Founded in the early 15th century, the Palau de la Generalitat is open on limited occasions only (the second and fourth weekends of the month, plus open-door days). The most impressive of the ceremonial halls is the Saló de Sant Jordi , named after St George, the region's patron saint. To see inside, book on the website (unfortunately in Catalan only).
Marc Safont designed the original Gothic main entrance on Carrer del Bisbe. The modern main entrance on Plaça de Sant Jaume is a late-Renaissance job with neoclassical leanings. If you wander by in the evening, squint up through the windows into the Saló de Sant Jordi (Hall of St George) and you will get some idea of the sumptuousness of the interior.

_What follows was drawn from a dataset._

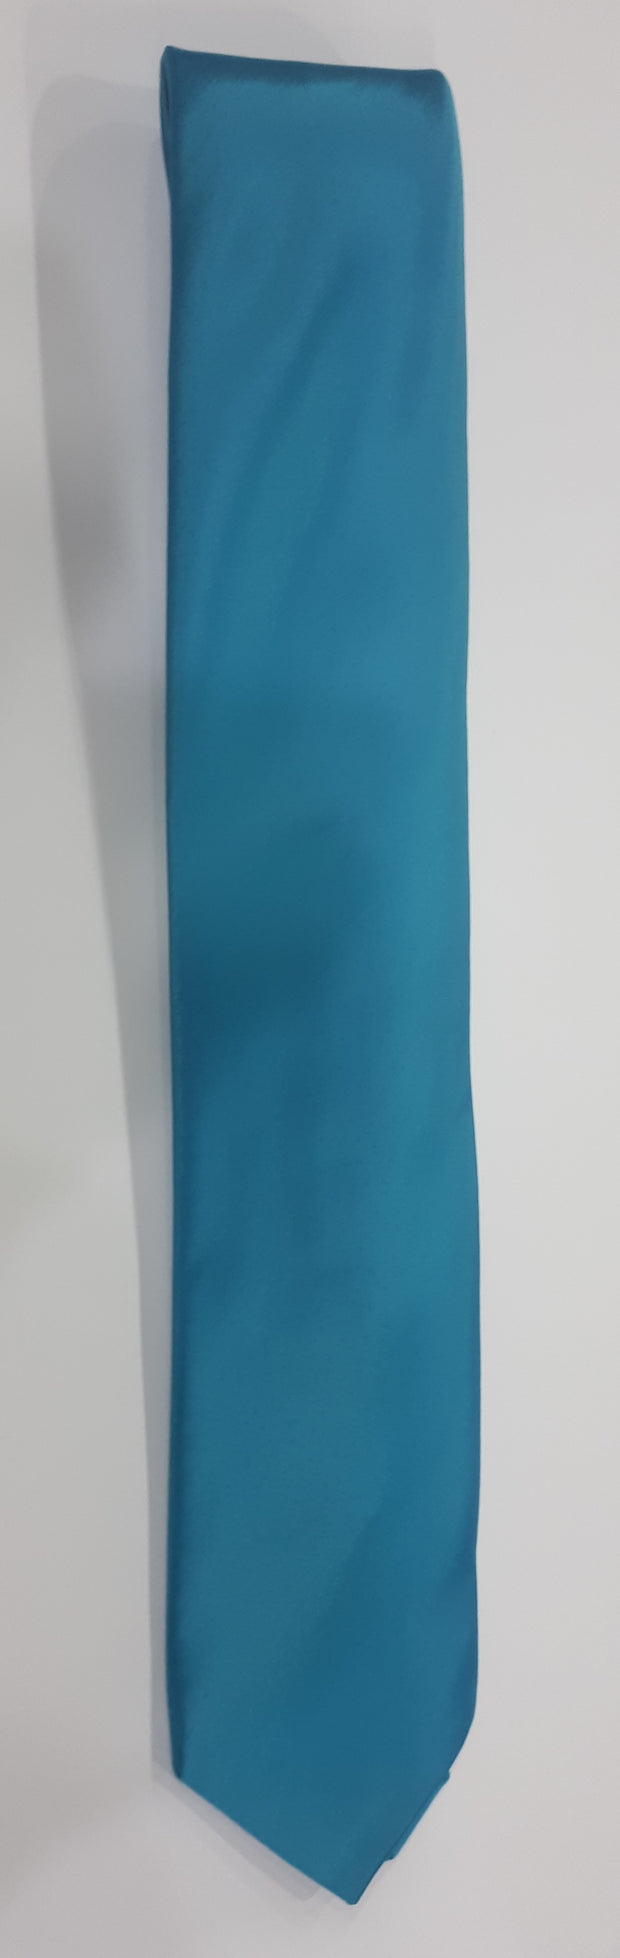 formal satin tie turquoise

If you do get inside, you’re in for a treat. Normally you will have to enter from Carrer de Sant Sever. The first rooms you pass through are characterised by low vaulted ceilings. From here you head upstairs to the raised courtyard known as the Pati dels Tarongers, a modest Gothic orangery (opened about once a month for concert performances of the palace’s chimes). The 16th-century Sala Daurada i de Sessions, one of the rooms leading off the patio, is a splendid meeting hall lit up by huge chandeliers. Still more imposing is the Renaissance Saló de Sant Jordi, the murals of which were added last century – many an occasion of pomp and circumstance takes place here. Finally, you descend the staircase of the Gothic Pati Central to leave by what was, in the beginning, the building’s main entrance.